Write the data out again, character for character, with no images.

▸ **THE DATA**
%%

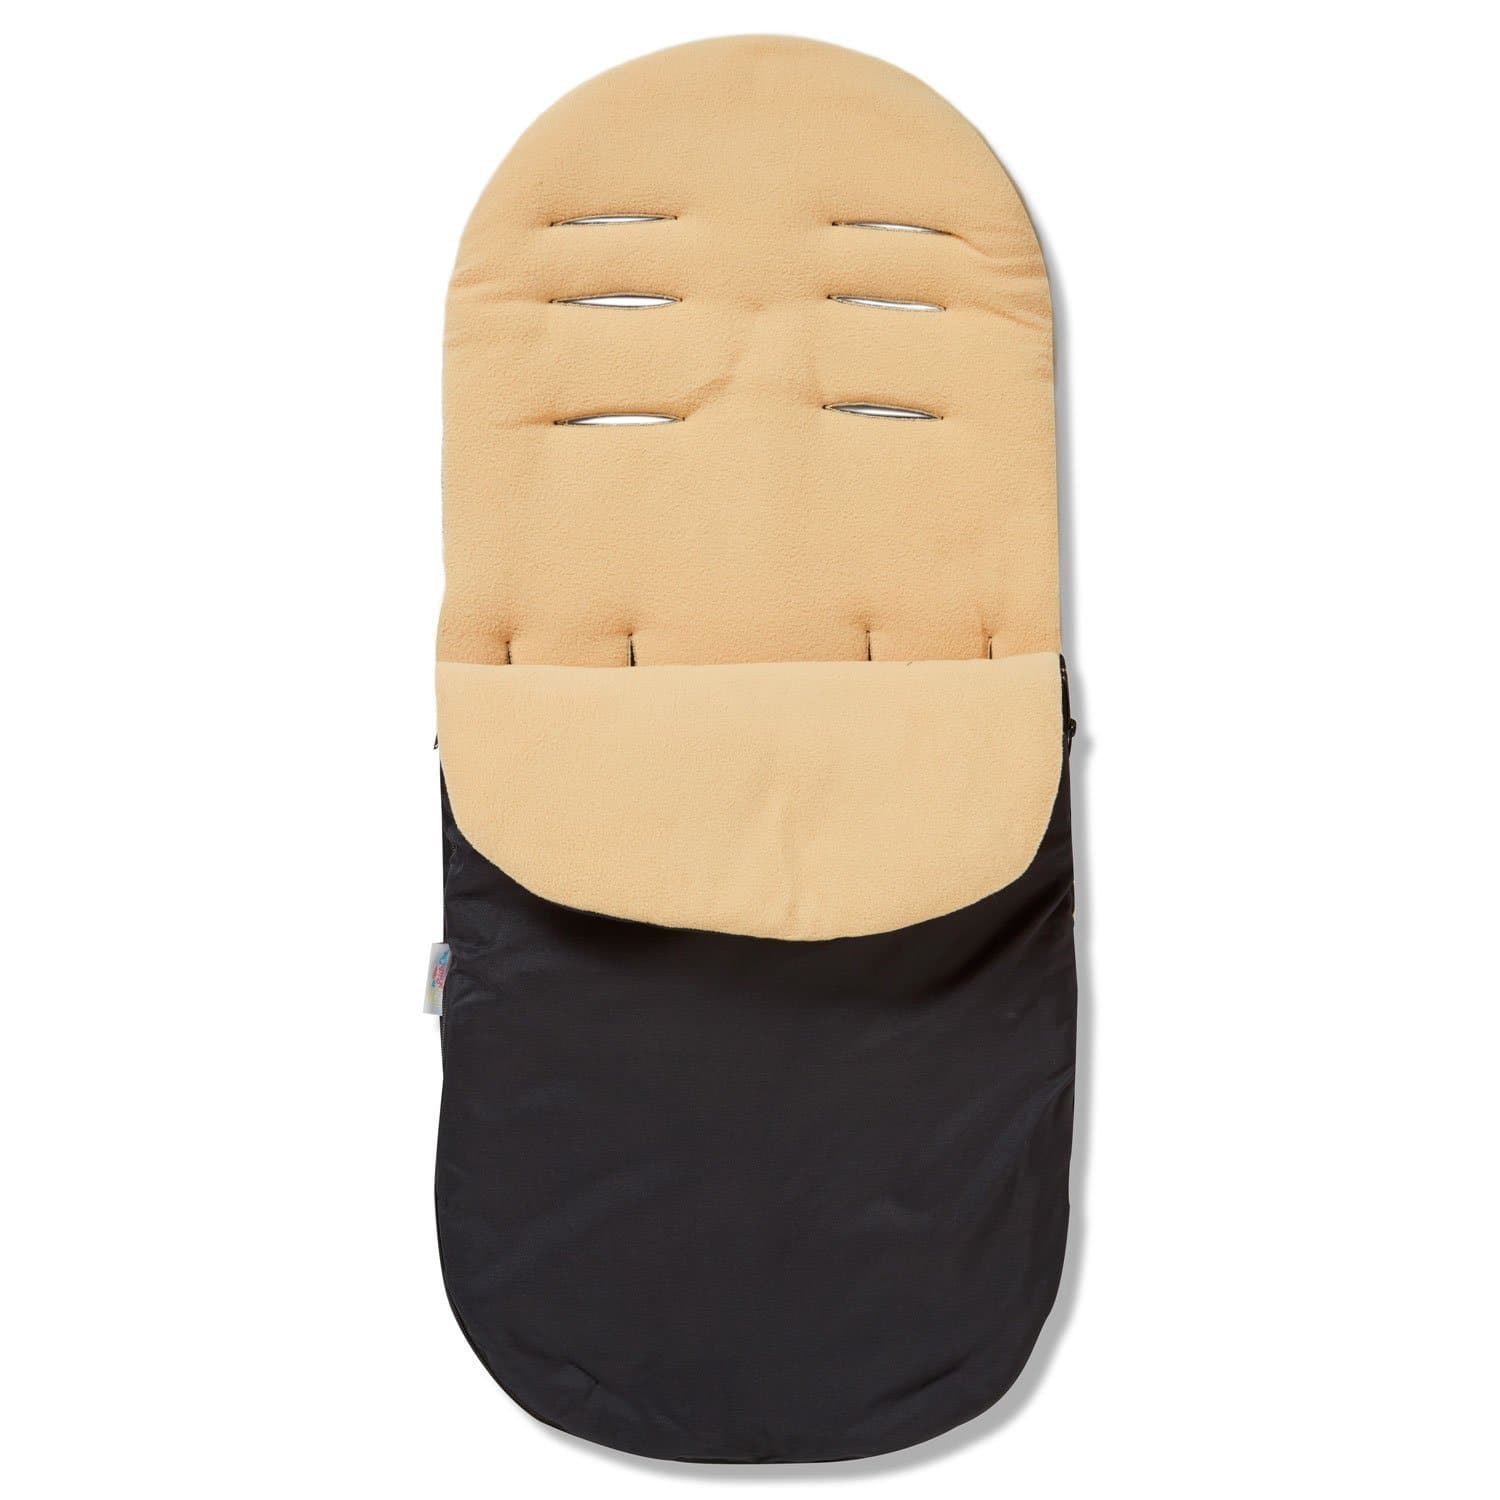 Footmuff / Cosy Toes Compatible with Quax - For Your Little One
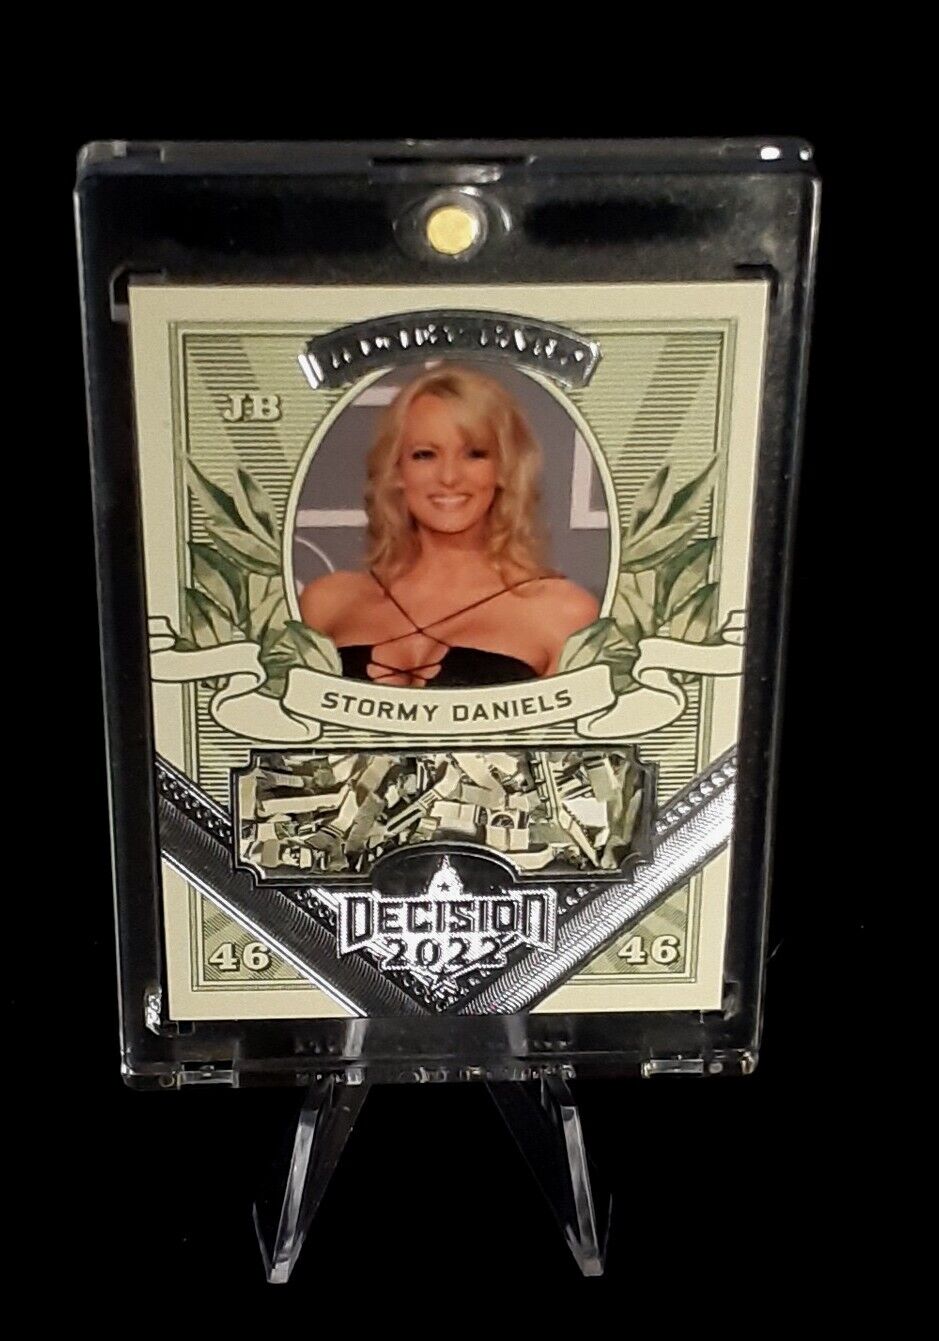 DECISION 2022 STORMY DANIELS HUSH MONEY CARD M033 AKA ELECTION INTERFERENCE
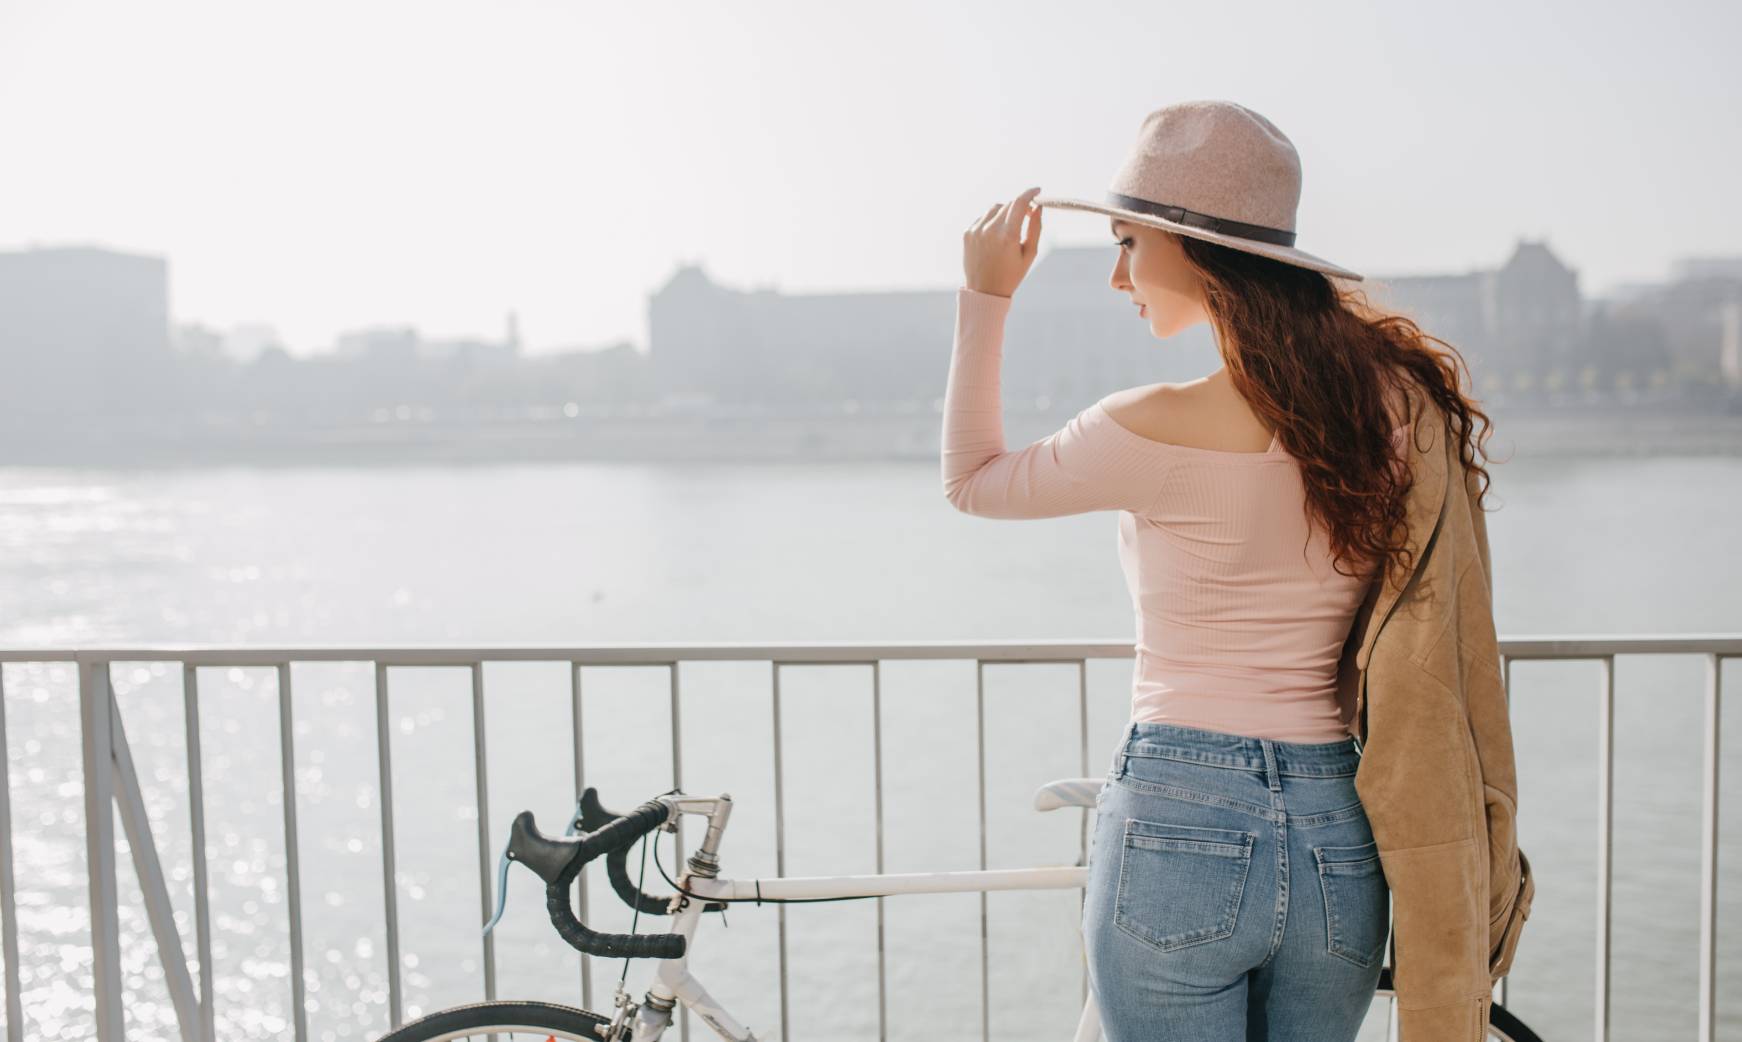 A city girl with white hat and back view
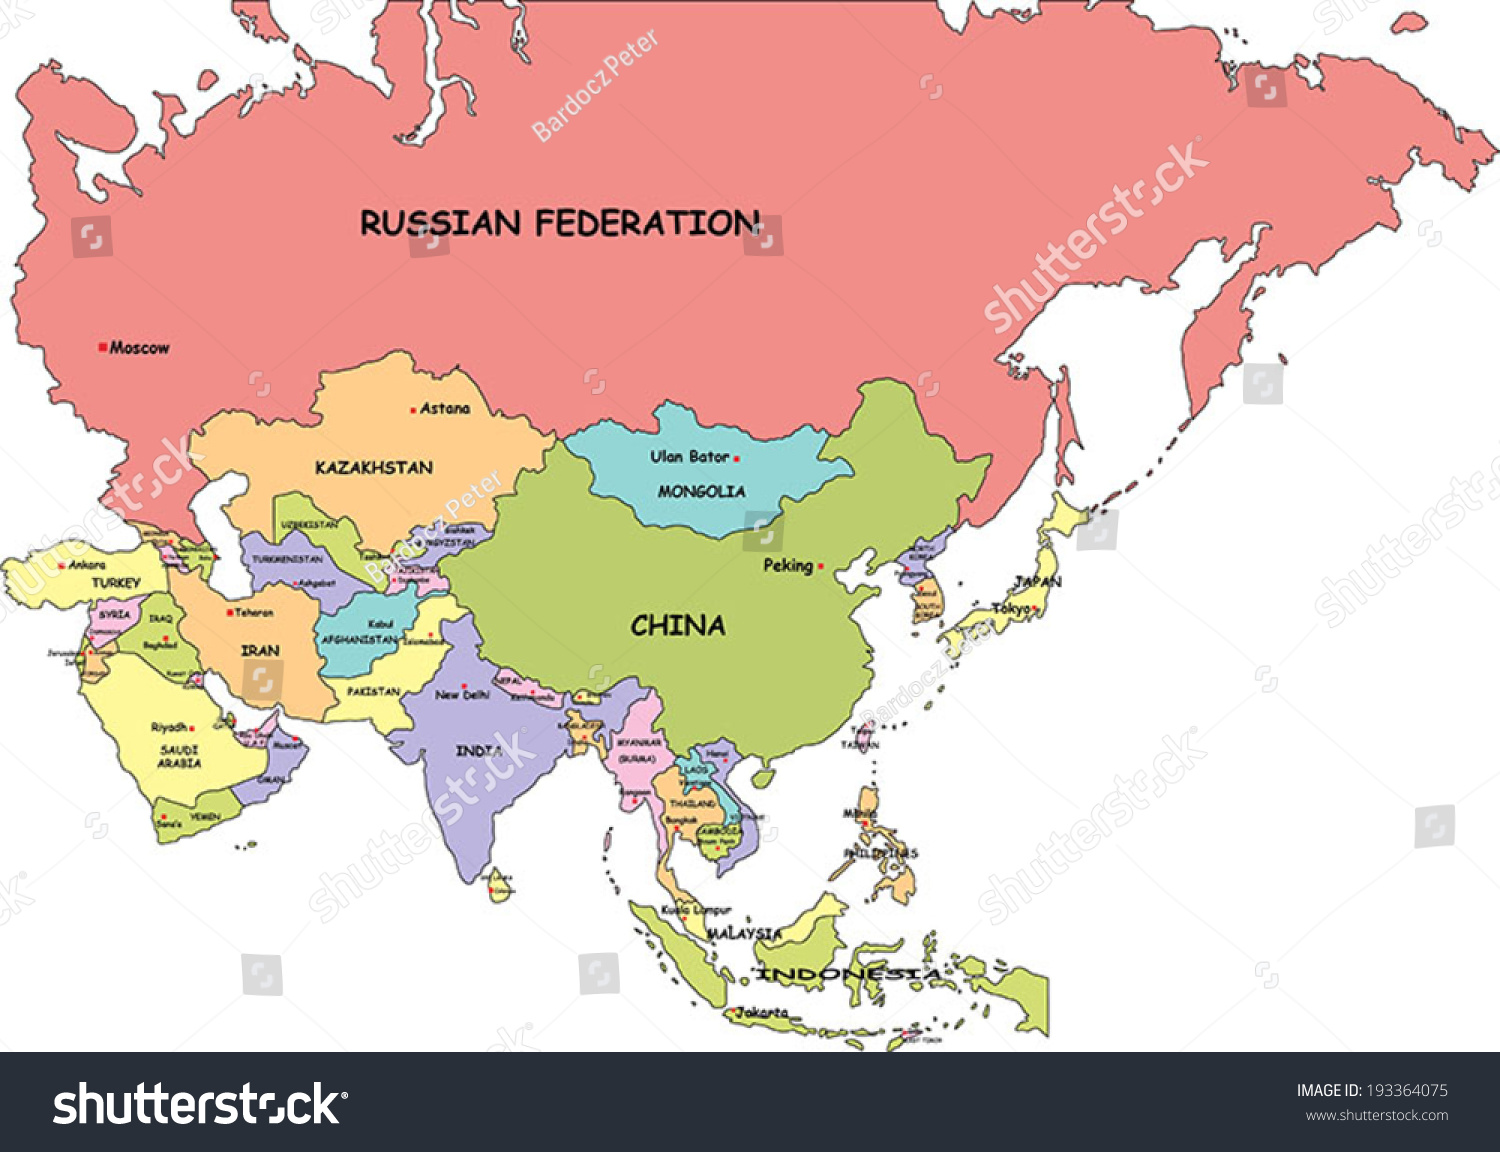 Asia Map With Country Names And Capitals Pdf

%%

▸ **SOLUTION TO THIS EXERCISE**
 Footmuff / Cosy Toes Compatible with Quax - For Your Little One
 DECISION 2022 STORMY DANIELS HUSH MONEY CARD M033 AKA ELECTION INTERFERENCE
 A city girl with white hat and back view
 Asia Map With Country Names And Capitals Pdf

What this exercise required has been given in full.